Короче, Соснин заподозрил Влади в подготовке к пересадке в начальственное кресло «Стройкомитета». А пока, исключительно в порядке подготовки, – доламывается комедия: характерные статисты спонтанно – чем не жизнь?! – реагируют на реплики и жесты главного, плоского в напористости своей режиссёра, ведущего к желанной развязке свою игру. Меня и Семёна посадят на скамью подсудимых, а ему останется лишь оповестить город и мир об эффектно-поучительном финита ля… и – заслужить повышение. И как прежде бывало, на приказе, наверное, собраны уже визы, положат вот-вот на подпись.
Но что же станется с домами-угрозами? Неужели Влади не боится, что и ему, в каком бы кресле не оказался, отвечать придётся, если повалятся? Навряд ли сам он верит в фантастическое усиление по рецептам Познанского.
К Соснину бодро шагал, набаловавшись киносъёмкой, Филозов.
откровения напоследок (tet a tet)– Правда получилось? Сменили обстановку и с редкой продуктивностью поработали! – щёки Филозова пылали, глаза, почти закатившиеся, посверкивали.
Соснин промолчал.
– А, знак согласия! – хохотнул Влади, – пойдём-ка посекретничаем в кают-компании; внимательно проследил за полётом блесны, запущенной резким хлёстким броском; в кустах застрекотала катушка спининга.
Вынырнула из-под ног палуба, качнулись мачты. Снова теснота, пусть не конуры – уютной каютки, любовно облицованной тёмным дорогим деревом; по лакированным панелям, запрыгивая на треугольники красно-бархатных, с золотою бахромой, победных вымпелов, плясали зайчики, возвращали тошнотворные ощущения качки. Влади сжалился, задёрнул шторку иллюминатора; откидной столик, за которым они уселись, утонул в оранжевом сумраке. Влади потянулся к фляжке с коньяком.
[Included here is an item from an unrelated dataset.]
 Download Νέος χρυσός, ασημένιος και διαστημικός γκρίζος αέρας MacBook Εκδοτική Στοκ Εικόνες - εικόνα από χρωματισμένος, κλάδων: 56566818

– Спасибо, – мотнул головой Соснин.
– Тебе спасибо, выручил! – поглаживал прозрачную, из тонкого плексигласа, обложку, в неё была вшита глава для сочинения Григория Васильевича, – мало, что клевреты персека затерзали звонками, так вдобавок душу поганец-Салзанов вымотал, выколачивал и для своей установочной предъюбилейной статьи материалы, смольнинские комиссары, оседлав, уже не слезают.
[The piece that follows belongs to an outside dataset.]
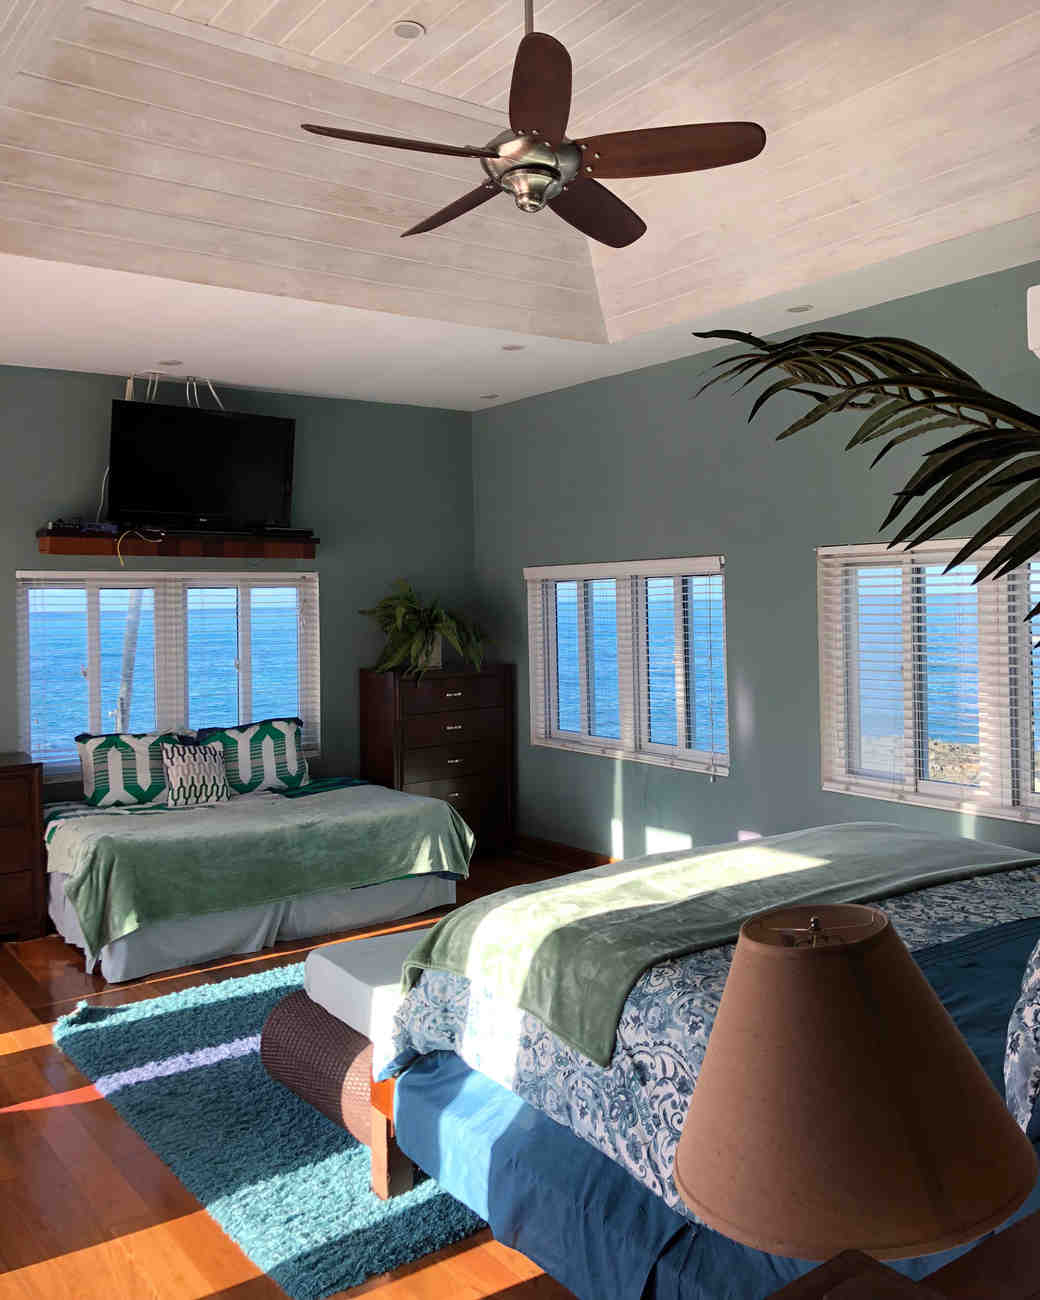 air bnb wedding venue green bedroom overlooking the ocean

– Ну, не позволял бы себя седлать.
– В шахматах жертвуют качеством ради инициативы на другом фланге, не так ли?
– Так, когда ты играешь, но не когда играют тобою.
– Расстроился, обиделся, что попал как кур в ощип, Ил? Не обессудь, в то случайное окно следствие мёртвой хваткой вцепилось – зубы органам не в силах моих разжать, хотя, докладывая на Юбилейном Комитете, попробую. И – конфиденциально. – Там копали и раскопали идейные грешки твоей туманной юности. Ущербные плакатики малевал, абстракционистов славил? И с тех беспутных пор друзья у тебя сомнительные, вот, Анатолия выдворяют… так-то, засветился неосторожно, меня, доверчивого, с безапелляционными лекциями подставил, сам попал под горячую тяжёлую руку с метлой, так-то, город к юбилею очищают от сомнительных элементов. Но с тобою, Ил, ситуация обоюдоострая, не дрейфь, суровый приговор и наверху никому не выгоден: что, если ещё выше, в кремлёвских покоях, спросят – сами-то вы такое безобразие зачем допустили? И за ушко, на солнышко. Ага, – укреплялся в догадке Соснин, – суровый приговор сорвал бы Филозову перевод с повышением, он явно готовится богемный берет снимать… развивает инициативу на другом фланге.